Use the annotations separately, or together like this:

    package sample
    
    import com.julianpeeters.avro.annotations._
     
    @AvroTypeProvider("data/input.avro")
    @AvroRecord
    case class MyRecord()

First the fields are added automatically from an Avro Schema in a file, then the methods necessary for de/serialization are generated for you, all at compile time.

##1) Avro-Type-Provider If your use-case is "data-first" and you're using an Avro runtime library that allows you to use Scala case classes to represent your Avro records, then you are probably a little weary of transcribing Avro Schemas into their Scala case class equivalents.

Annotate an "empty" case class, and its members will be generated automatically at compile time using the data found in the Schema of a given file:

given the schema automatically found in input.avro or input.avsc:

    {"type":"record","name":"MyRecord","namespace":"tutorial","doc":"Auto-generated schema","fields":[{"name":"x","type":{"type":"record","name":"Rec","doc":"Auto-generated schema","fields":[{"name":"i","type":"int","doc":"Auto-Generated Field"}]},"doc":"Auto-Generated Field"}]}}

annotated empty case classes:

    import com.julianpeeters.avro.annotations._

    @AvroTypeProvider("data/input.avro")
    case class Rec()
     
    @AvroTypeProvider("data/input.avro")
    case class MyRecord()

expand to:

    package tutorial

    import com.julianpeeters.avro.annotations._

    @AvroTypeProvider("data/input.avro")
    case class Rec(i: Int)
     
    @AvroTypeProvider("data/input.avro")
    case class MyRecord(x: Rec)

####Please note:

  1. The datafile must be available at compile time.

  2. The filepath must be a String literal.

  3. The name of the empty case class must match the record name exactly (peek at the schema in the file, if needed).

  4. The order of class definition must be such that the classes that represent the most-nested records are expanded first.

  5. A class that is doubly annotated with @AvroTypeProvider and @AvroRecord will be updated with vars instead of vals.

##2) Avro-Record: Implements SpecificRecord at compile time so you can use Scala case classes to represent Avro records (like Scalavro or Salat-Avro, but for the Apache Avro runtime so that it runs on your cluster). Since Avro-Scala-Compiler-Plugin doesn't work with Scala 2.10+ and the compiler still stumps me, I ported the serialization essentials over to use Scala Macro Annotations instead.

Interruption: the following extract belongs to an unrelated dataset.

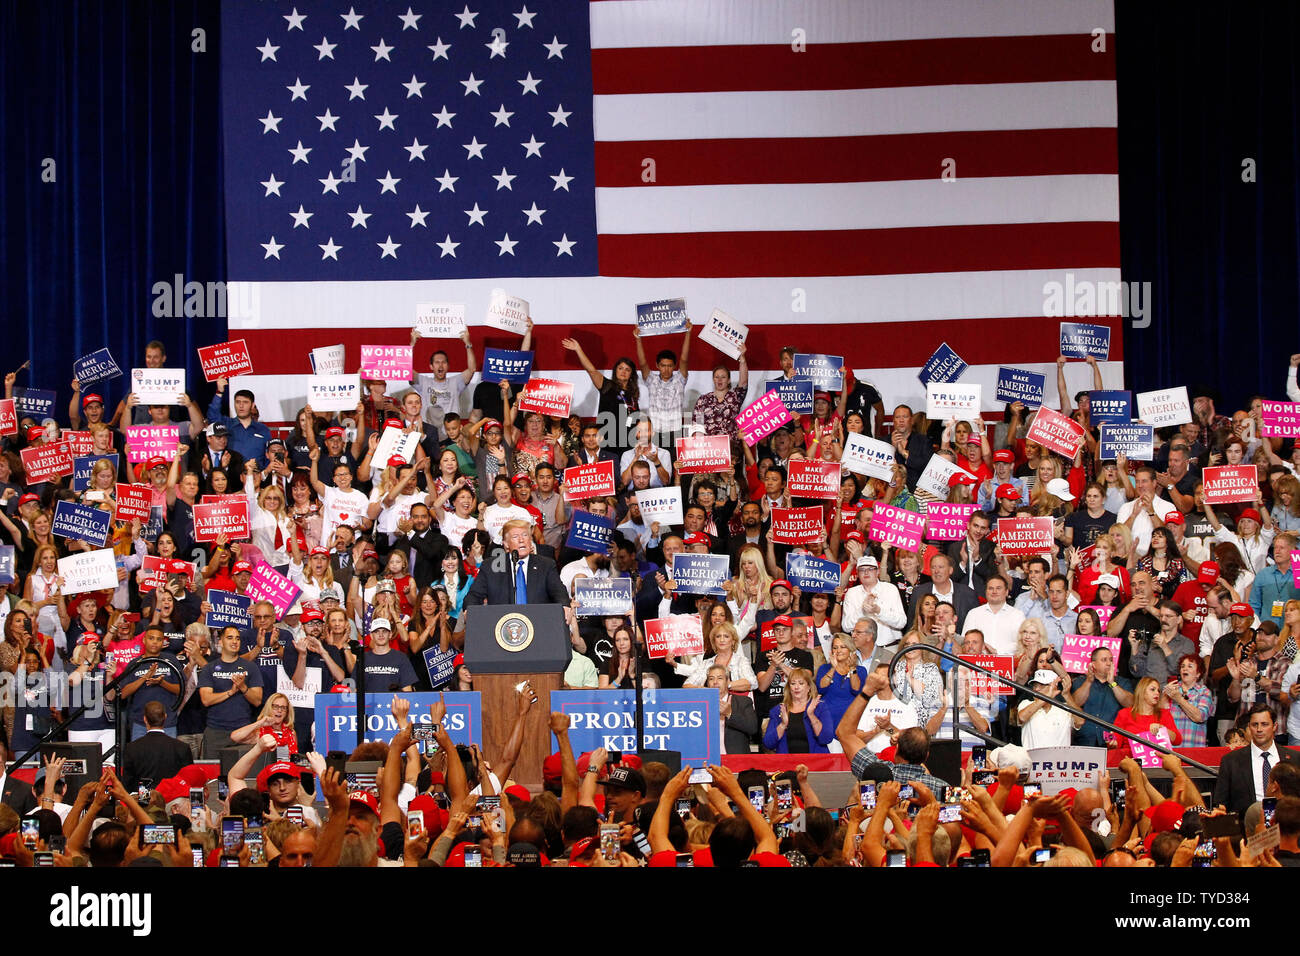 Le président Donald Trump partisans adresses lors d'un rassemblement à la Las Vegas Convention Center à Las Vegas, Nevada le 20 septembre, 2018. Photo de James Atoa/UPI Banque D'Images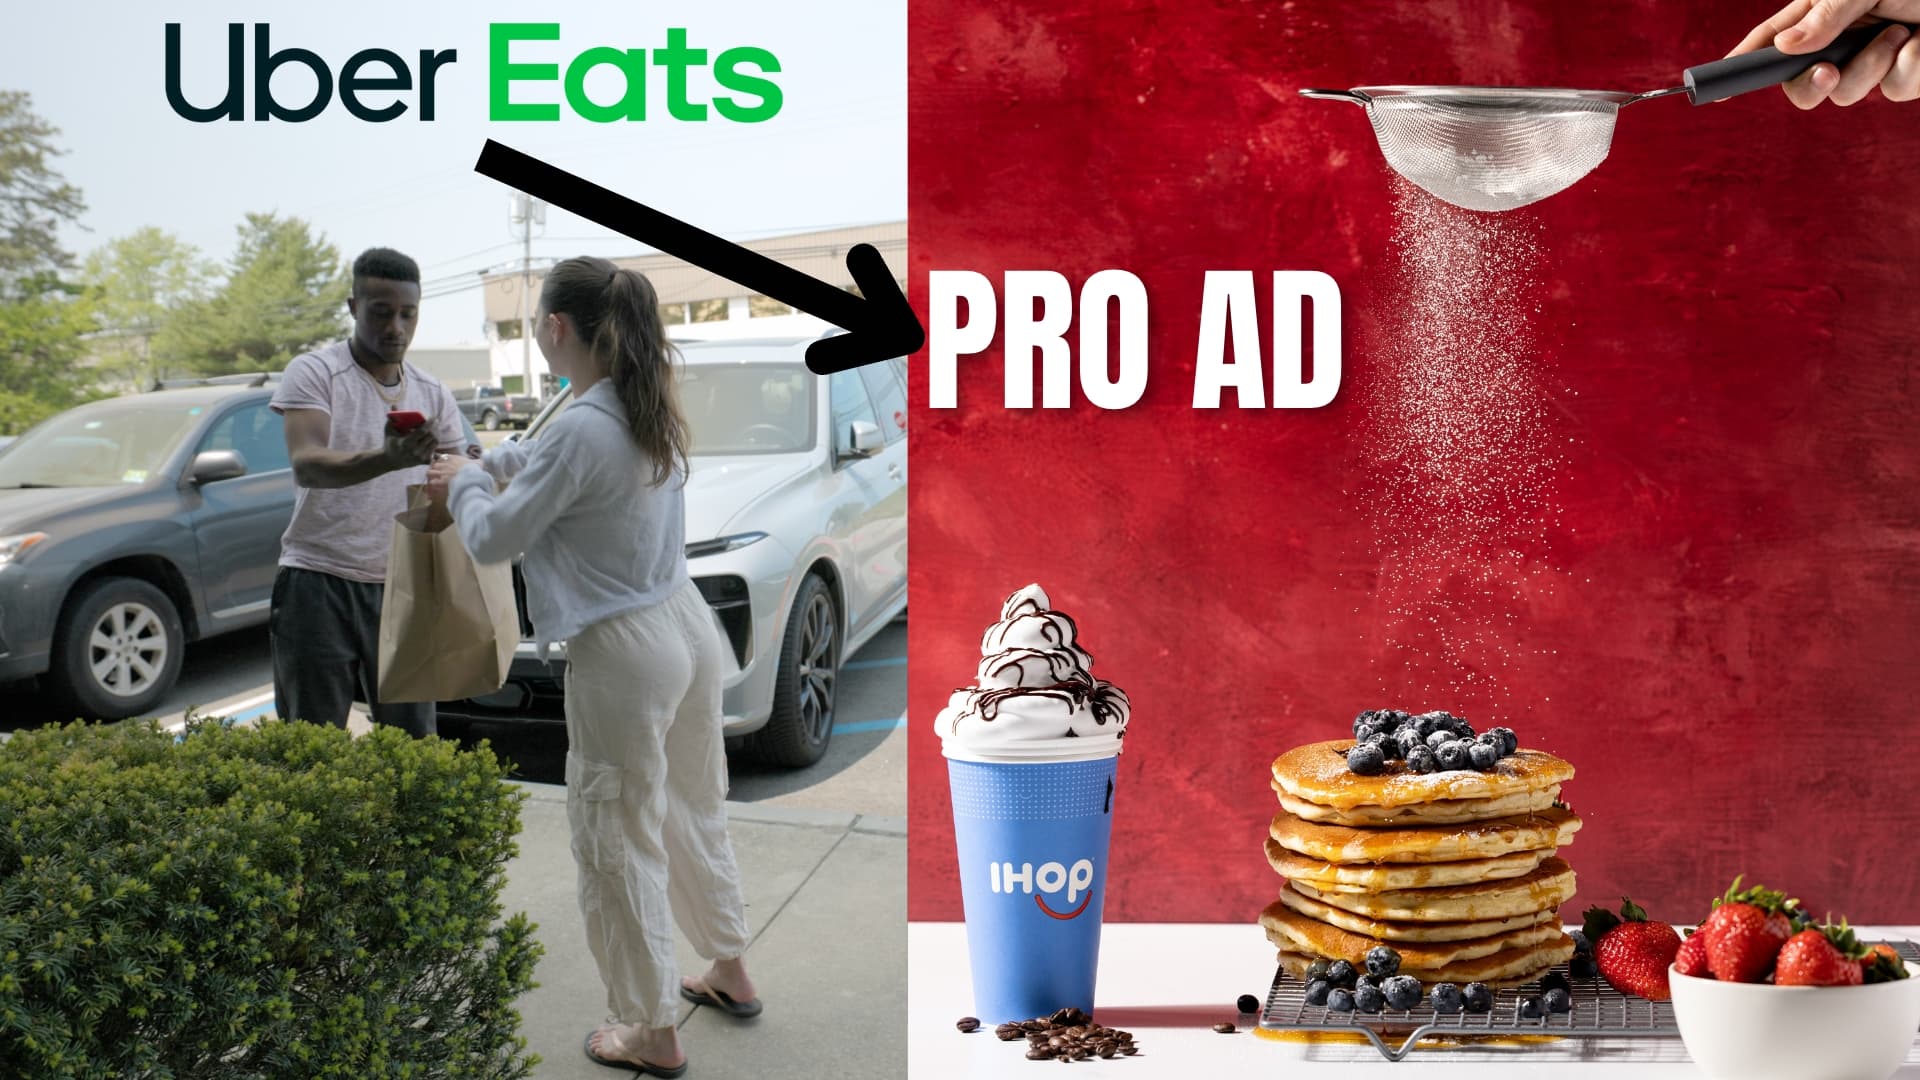 IHOP Uber Eats professional food photography advertisement.

Now you can annotate a case class that you'd like to have serve as your Avro record:

    package sample

    @AvroRecord
    case class A(var i: Int)

    @AvroRecord
    case class B(var a: Option[A])

expands to implement SpecificRecord with put, get, and getSchema methods, with the schema:

    {"type":"record","name":"B","namespace":"sample","doc":"Auto-generated schema","fields":[{"name":"a","type":["null",{"type":"record","name":"A","doc":"Auto-generated schema","fields":[{"name":"i","type":"int","doc":"Auto-Generated Field"}]}],"doc":"Auto-Generated Field"}]}}

Use the expanded class as you would a code-gen'd class with any SpecificRecord API. e.g.:

    //Writing avros - no reflection
    val datumWriter = new SpecificDatumWriter[B]
    val dataFileWriter = new DataFileWriter[B](datumWriter)


    //Reading avros - no reflection allowed since Scala fields are always private
    val schema = new DataFileReader(file, new GenericDatumReader[GenericRecord]).getSchema 
    val userDatumReader = new SpecificDatumReader[B](schema)
    val dataFileReader = new DataFileReader[B](file, userDatumReader)

####Please note:

  1. If your framework is one that relies on reflection to get the Schema, it will fail since Scala fields are private. Therefore preempt it by passing in a Schema and using no-argument constructors when necessary (as in the Avro example above).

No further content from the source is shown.